Is this what you are referencing? http://winemakermag.com/photos/gallery/40/asInline?limit=1&limitstart=0


----------



## vacuumpumpman (Nov 10, 2013)

If interested I made a very nice and powerful bottle sanitizer for approx 100 dollars or less 
Here are some pics of what I am referring to -

Thanks Rocky ! I tried finding it myself also and could not find the one he was exactly looking for


----------



## Runningwolf (Nov 10, 2013)

I tried to find what you were looking for but could not. I believe the parts came from Valley Vinter but I did not see them online.


----------



## jamesngalveston (Nov 10, 2013)

man...I am going to make one this week, never thought of that.
i have lots of stuff left from a few manifold plumping jobs..
ye hah.


----------



## vacuumpumpman (Nov 10, 2013)

I thought I also seen the post awhile back on a thread here where someone made there own version ?


----------



## cintipam (Nov 10, 2013)

Good to see this info. I had been considering dedicating a new all plastic pressure sprayer meant for garden work to sanitize inside bottles. I was hoping since the NaMeta would not be sitting long in it it would not be a problem that it is not food grade plastic.

I think I'll adapt Steve's idea to make a nice first step bottle cleaner tho. I bought one of those bottle cleaners that attach to a faucet forgetting that my faucet has no way to attach it. It is one of those pull out sprayer models so no way to adapt either. But attached to a garden hose I got lots of, as my watering setup has more splitters and diverters than any sane gardener needs.

Taking a break from filtering wine for the first time using the AI1 and whole house filter. Nice job, Steve!

Pam in cinti


----------



## vacuumpumpman (Nov 10, 2013)

Pam I am glad you are enjoying the Allinone !
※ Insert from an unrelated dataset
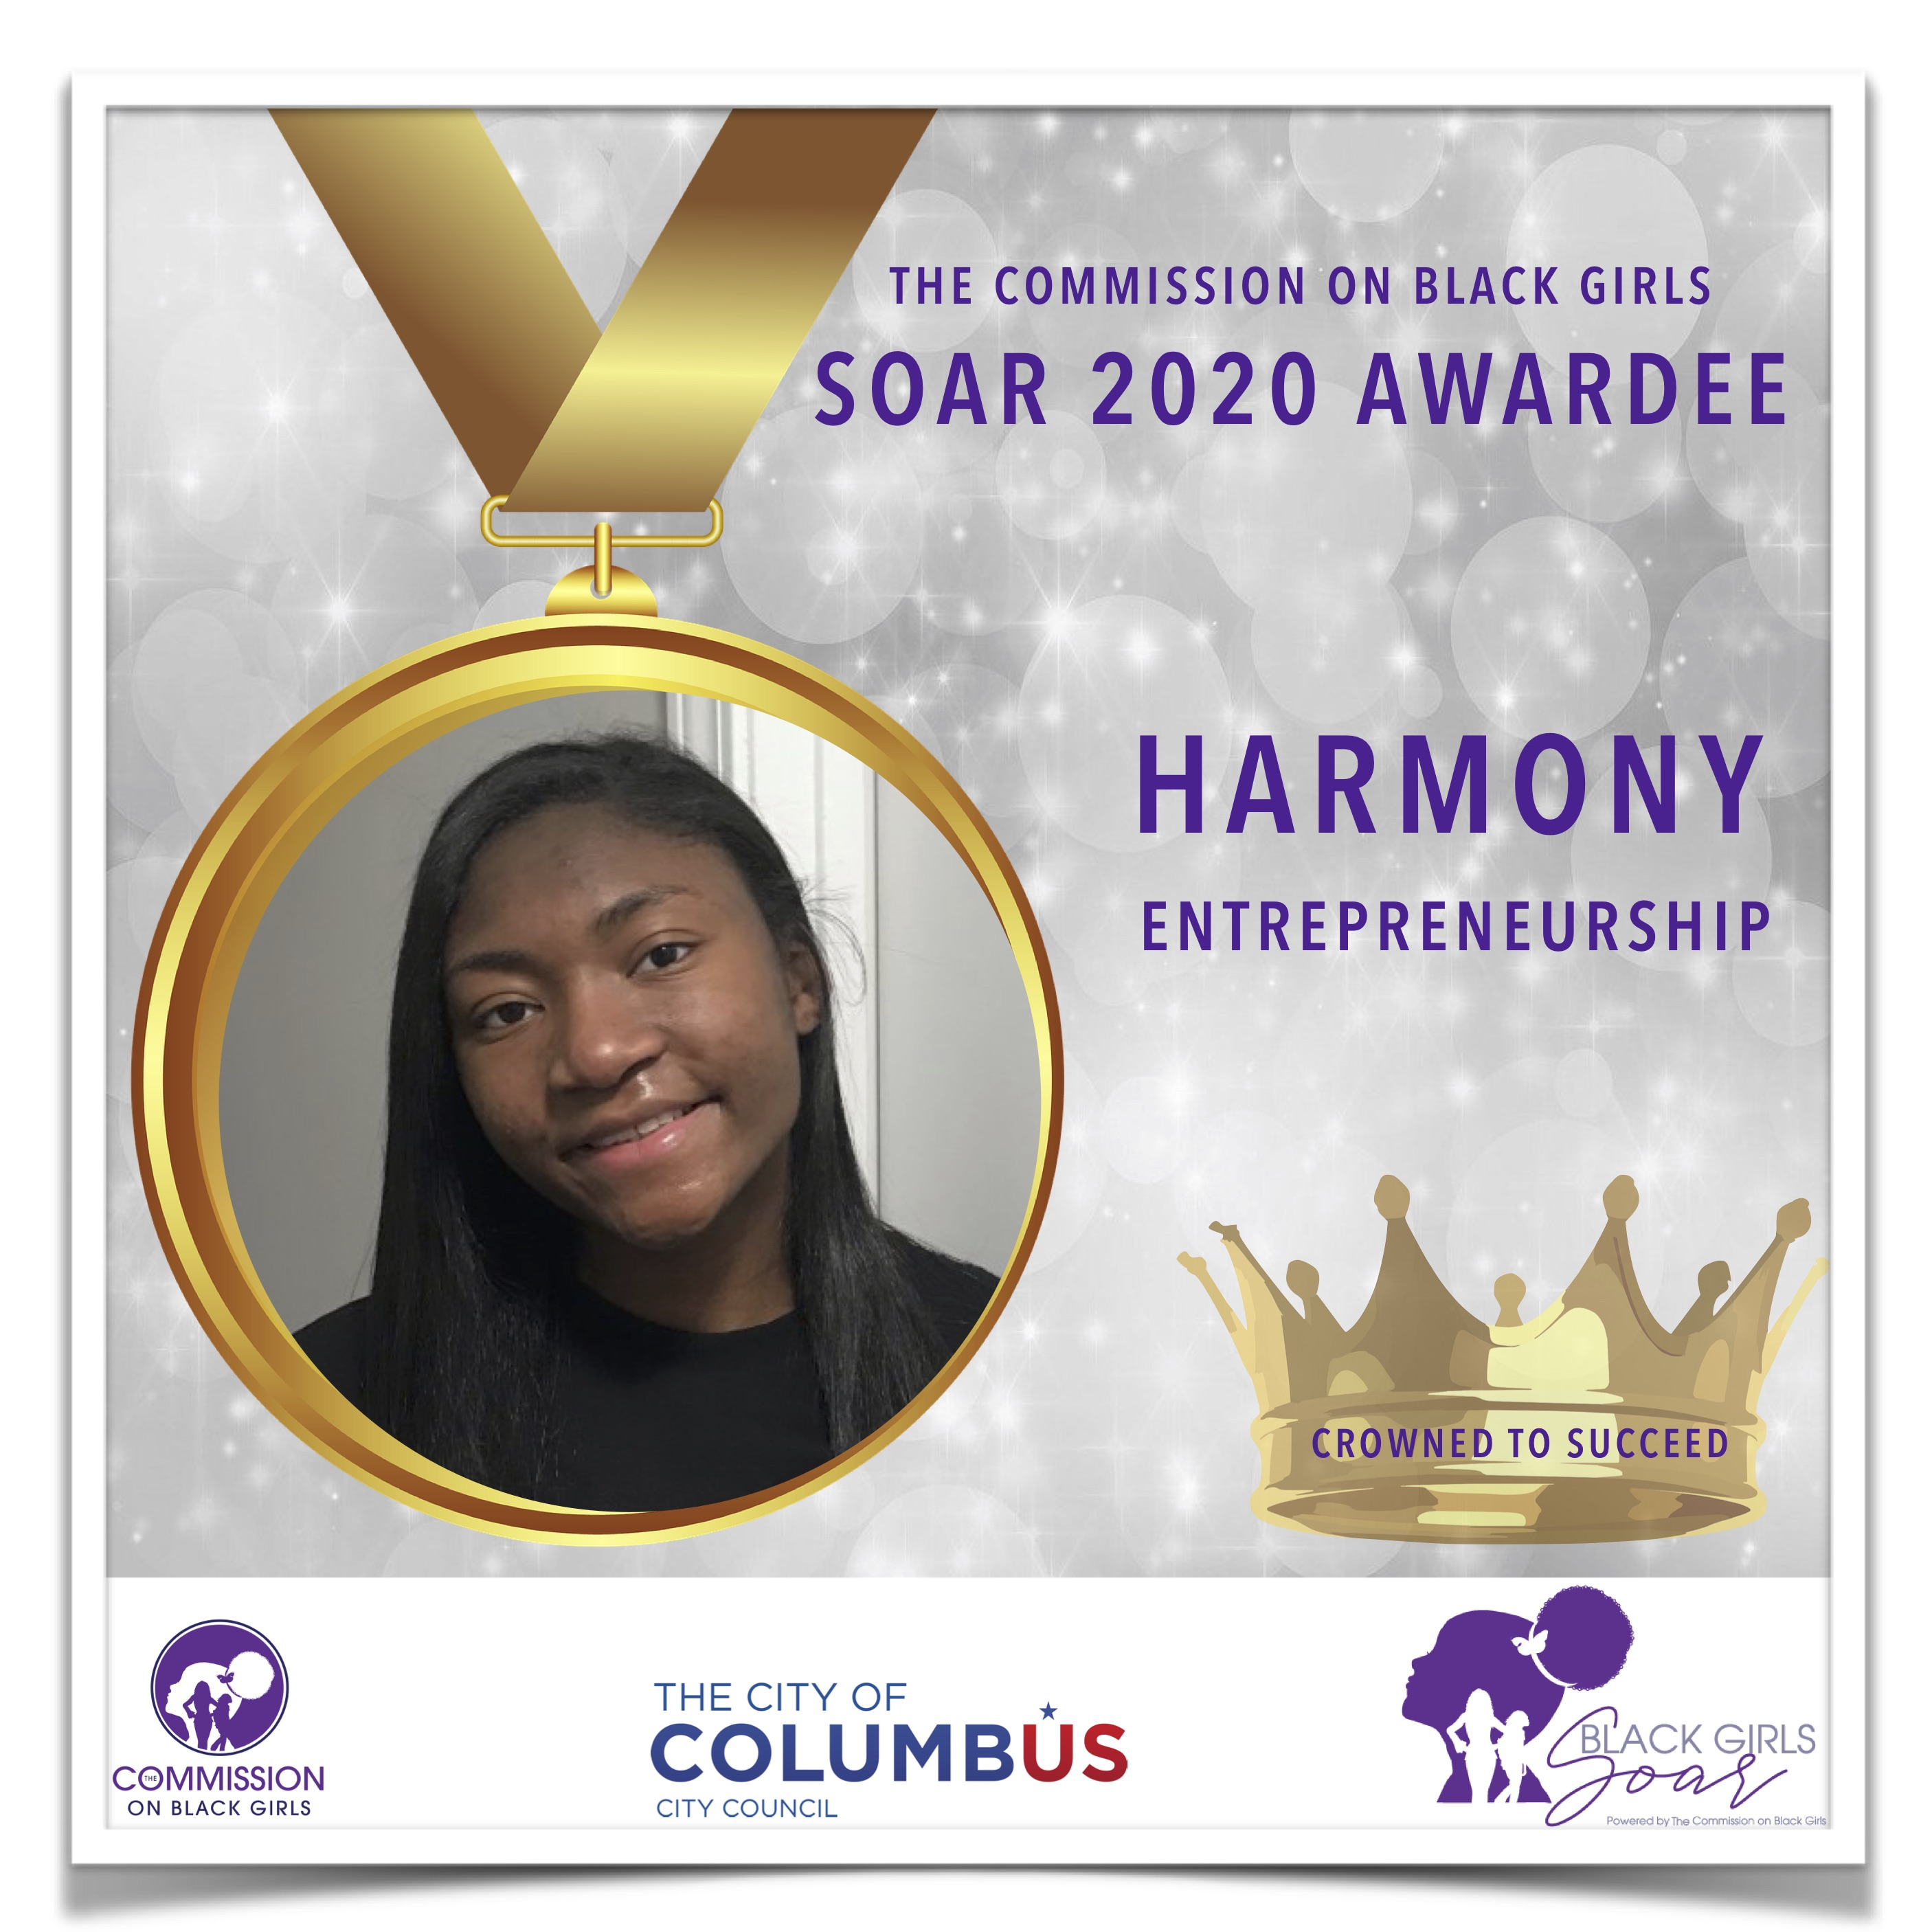 9 SOAR 2020 Harmony Entrepreneurship

I found out that it takes me less than 3 seconds to sanitize each bottle - at high pressure. Recently I have added the whole house filter in order to filter out any impurties that might of been cleaned out using this system - works alot better rather than dumping the solution every time it got dirty.


----------



## jvbutter (Nov 11, 2013)

Rocky said:


> Is this what you are referencing? http://winemakermag.com/photos/gallery/40/asInline?limit=1&limitstart=0



Nope, I did find this Sunday looking through the picutures on this site. It is very similar, but it was in a platic square box. I think it was PVC pipe as main nozzle system.


----------



## dralarms (Nov 11, 2013)

Might have bern mine, was it in a blue tote? Doesn't work as well as it looks, not enough pressure and had to hold the bottles up with bungee cords.


----------



## vacuumpumpman (Nov 13, 2013)

vacuumpumpman said:


> If interested I made a very nice and powerful bottle sanitizer for approx 100 dollars or less
> Here are some pics of what I am referring to -
> 
> Thanks Rocky ! I tried finding it myself also and could not find the one he was exactly looking for



I am planning on making a video or a complete how to guide if anyone is interested. ?

Thanks Steve


----------



## RCGoodin (Nov 13, 2013)

vacuumpumpman said:


> I am planning on making a video or a complete how to guide if anyone is interested. ?
> 
> Thanks Steve


 
Steve, when you talk, everyone listens......I'm interested...


----------



## LoneTreeFarms (Nov 14, 2013)

was able to find this on youtube, i know i saw somewhere online with instructions on how to build the rack, but i can't find it now.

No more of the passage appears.